"This compass I've rigged on gimbals here, beats anything Pauillac himself ever had. What's the matter with my home-made gyrostat and anemometer? And hasn't this aneroid barometer got cards and spades over the old-style models?"
Enthusiastic as a boy, Stern shook his head and smiled delightedly at Beatrice as he expounded the merits of the biplane and its fittings. She, half glad, half anxious at the possible outcome of the venture, stood by and listened and nodded as though she understood all the minutiae he explained.
"So then, you're ready to go up this morning?" she asked, with just a quiver of nervousness in her voice. "You're quite certain everything's all right--no chance of accident? For if anything happened--"
"There, there, nothing can happen, nothing will!" he reassured her. "This motor's been run three hours in succession already without skipping an explosion. Everything's in absolute order, I tell you. And as for the human, personal equation, I can vouch for that myself!"

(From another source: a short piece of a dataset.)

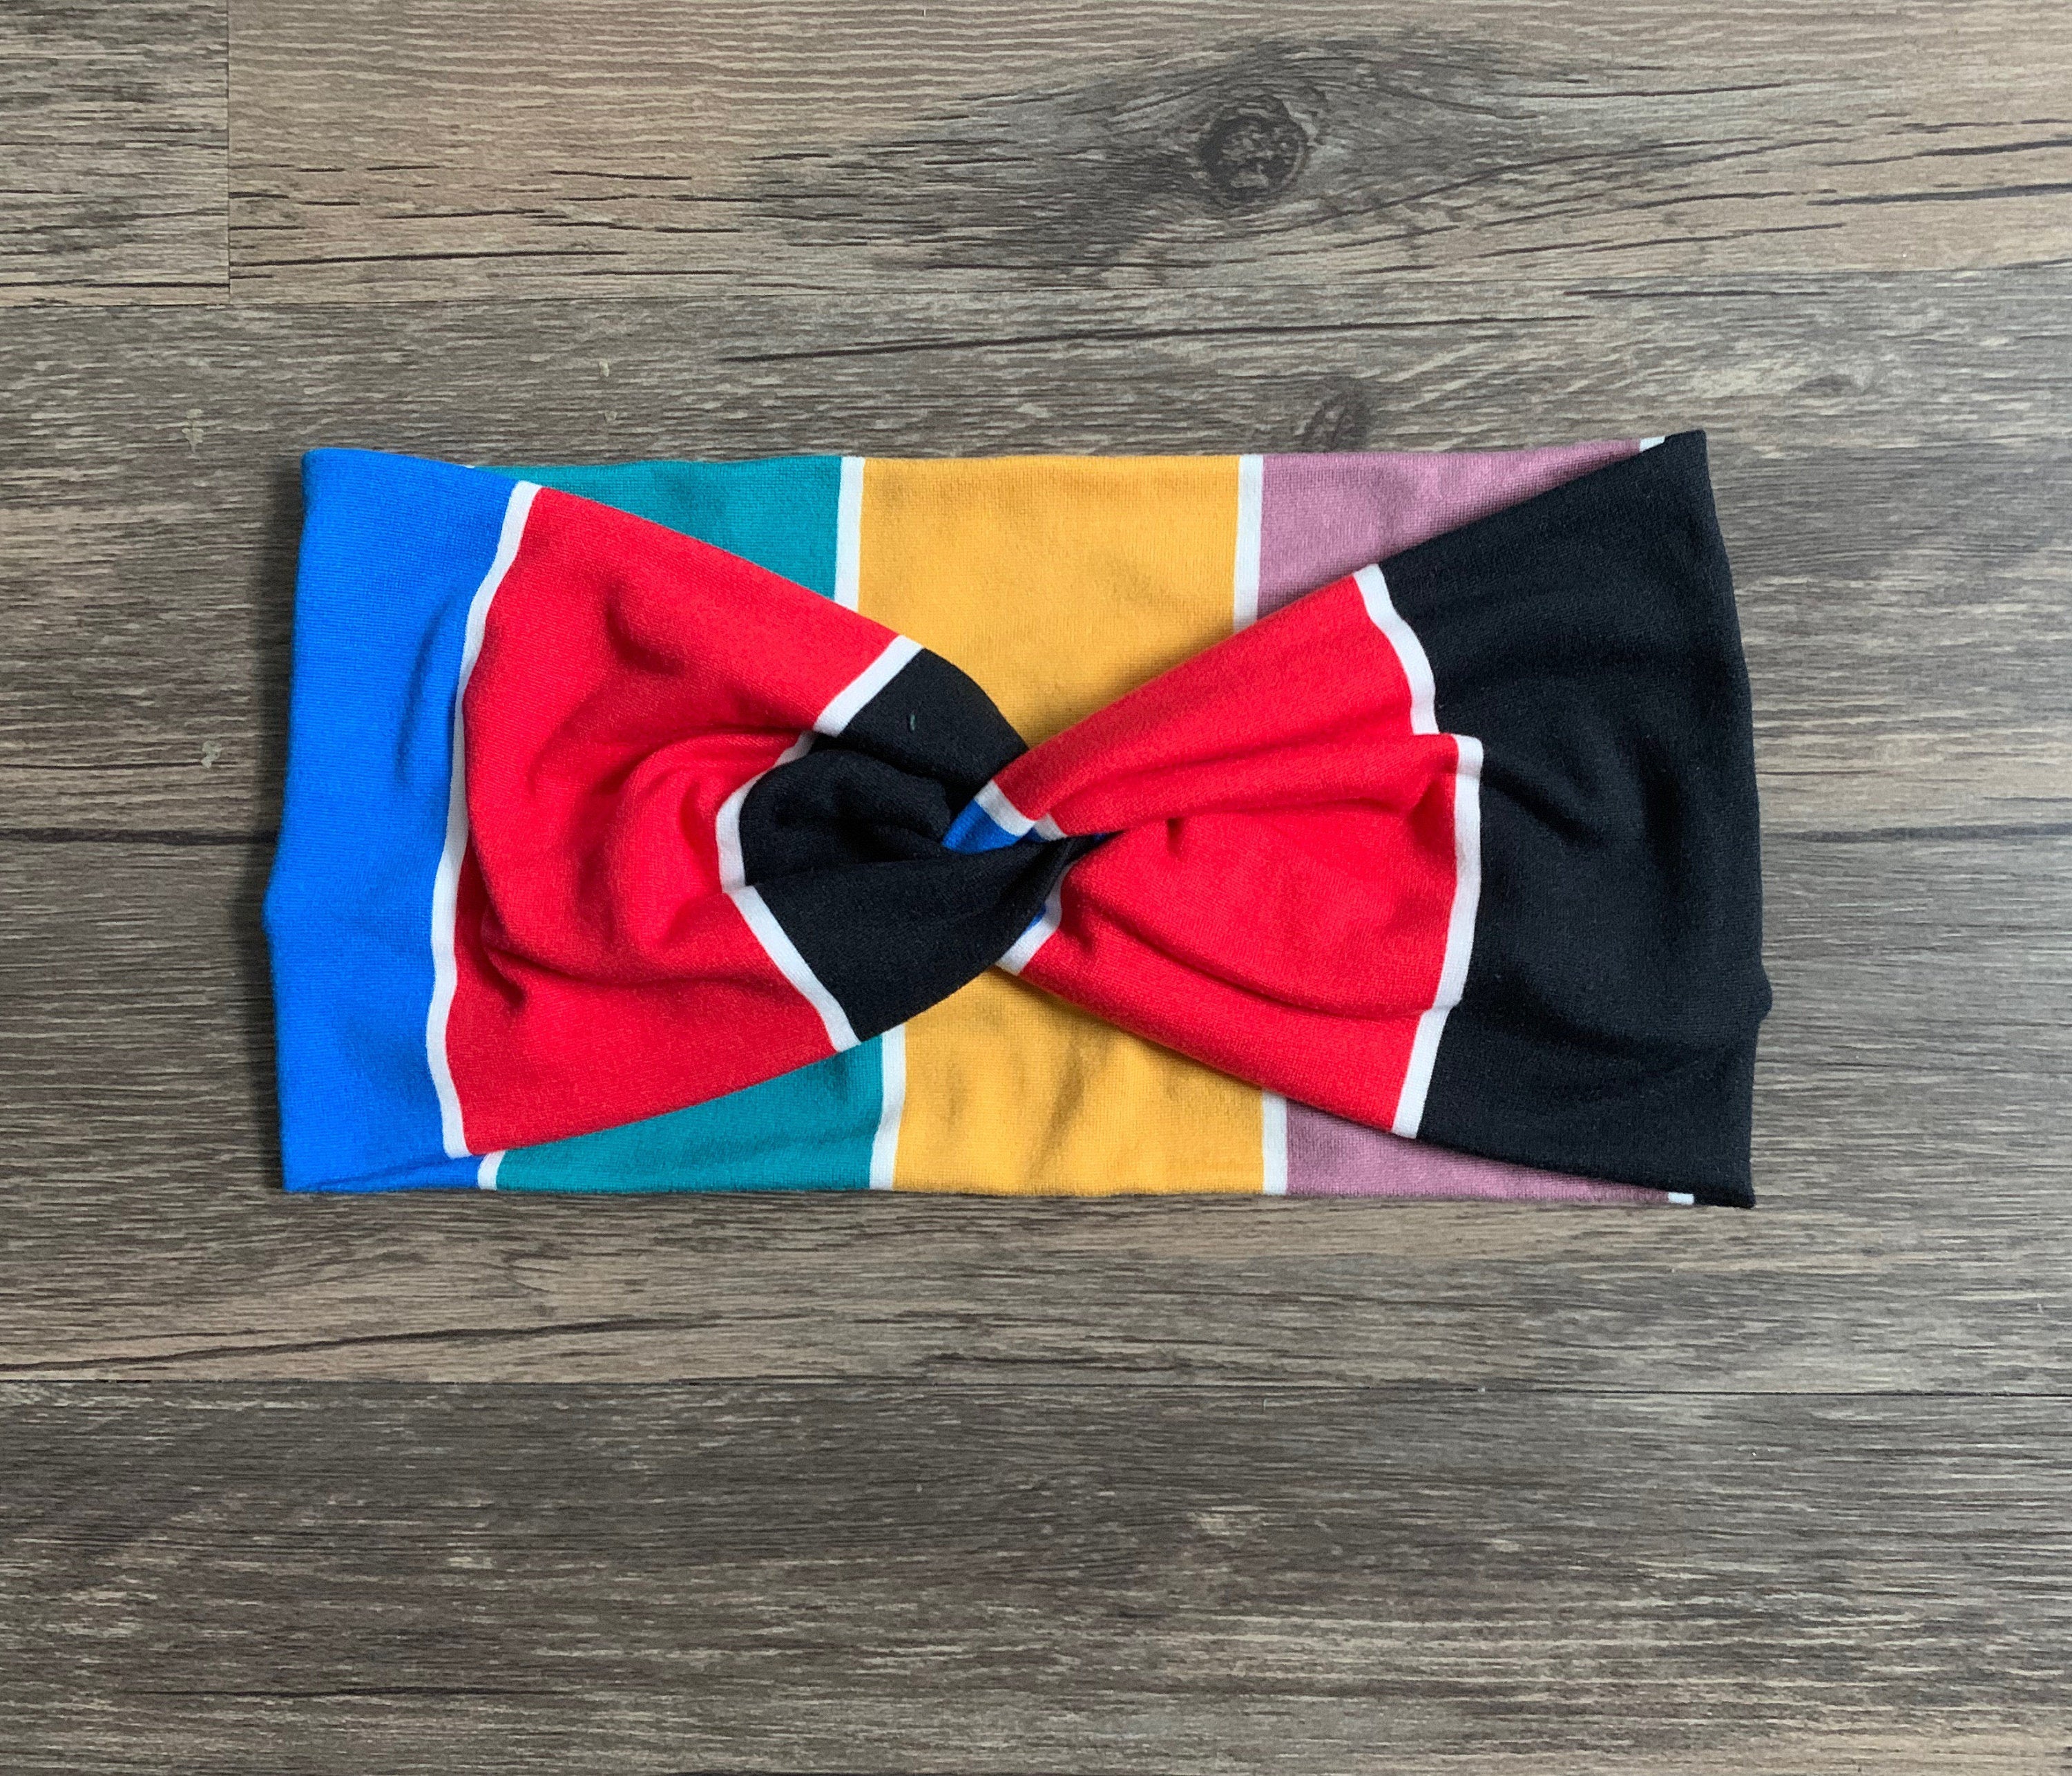 Color block turban, colorful baby headband, turban headband, knit headband, yoga headband, gift for girl, teacher gift, stretchy headband
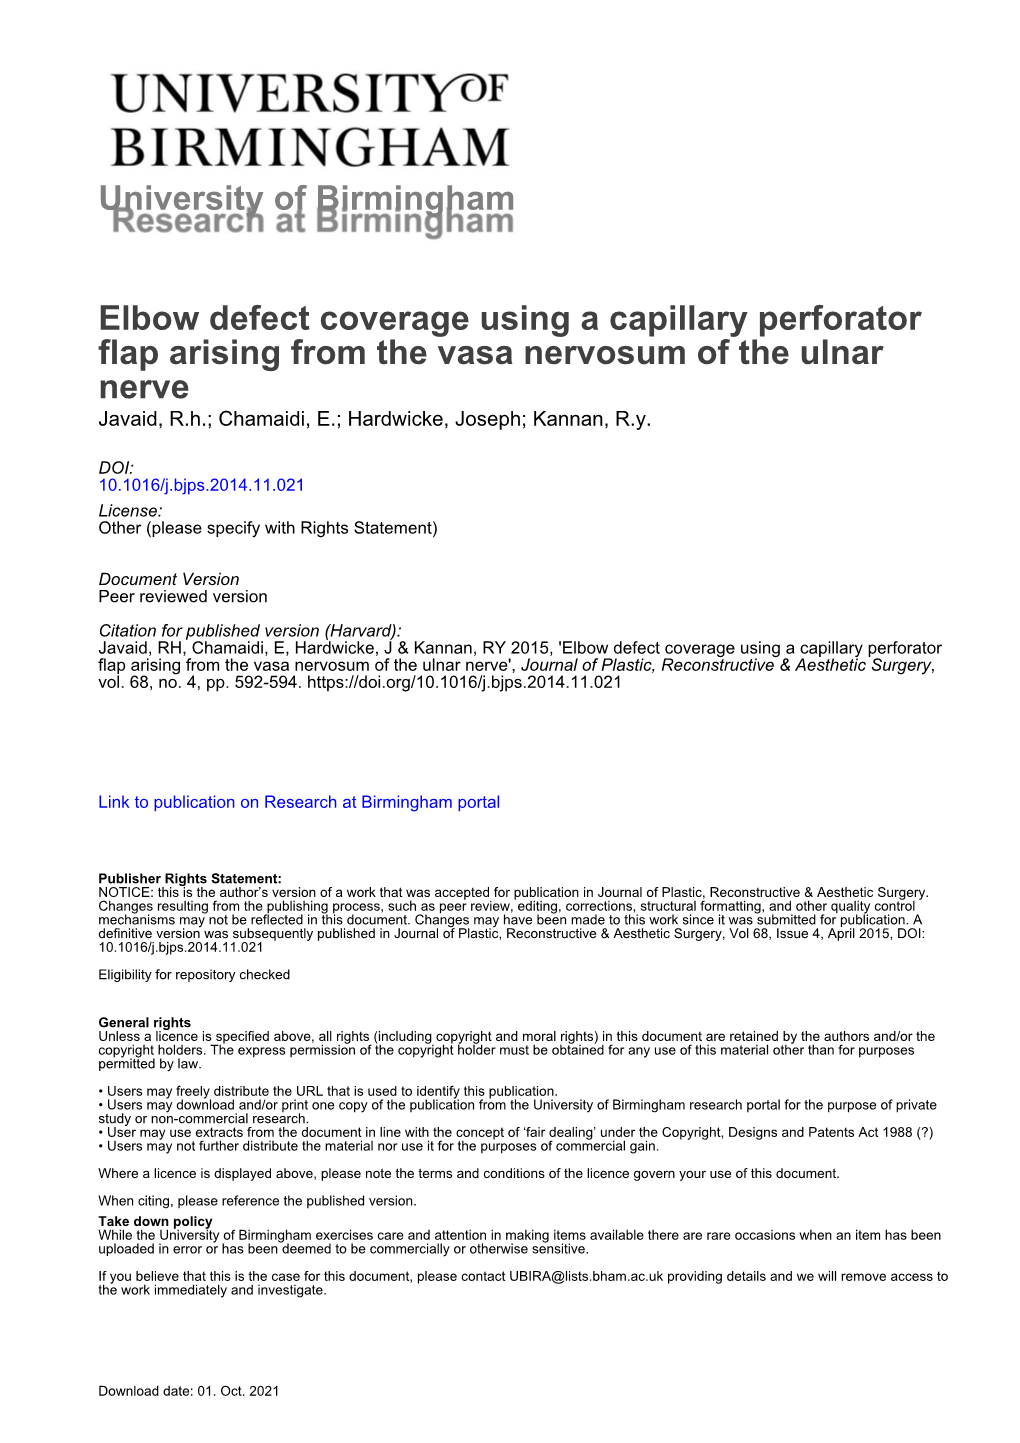 Elbow Defect Coverage Using a Capillary Perforator Flap Arising from the Vasa Nervosum of the Ulnar Nerve Javaid, R.H.; Chamaidi, E.; Hardwicke, Joseph; Kannan, R.Y

Stern walked around to the back of the machine, picked up a long, stout stake he had prepared, took his ax, and at a distance of about twelve feet behind the biplane drove the stake very deep into the hard sand.
He knotted a strong leather cord to the stake, brought it forward and secured it to the frame of the machine.
"Now, Beatrice," he directed, "when I'm ready you cut the cord. I haven't any corps of assistants to hold me back till the right moment and then give me a shove, so the best I can do is this. Give a quick slash right here when I shout. And whatever happens don't be alarmed. I'll come back to you safe and sound, never fear. And this afternoon it's 'All Aboard for Boston!'"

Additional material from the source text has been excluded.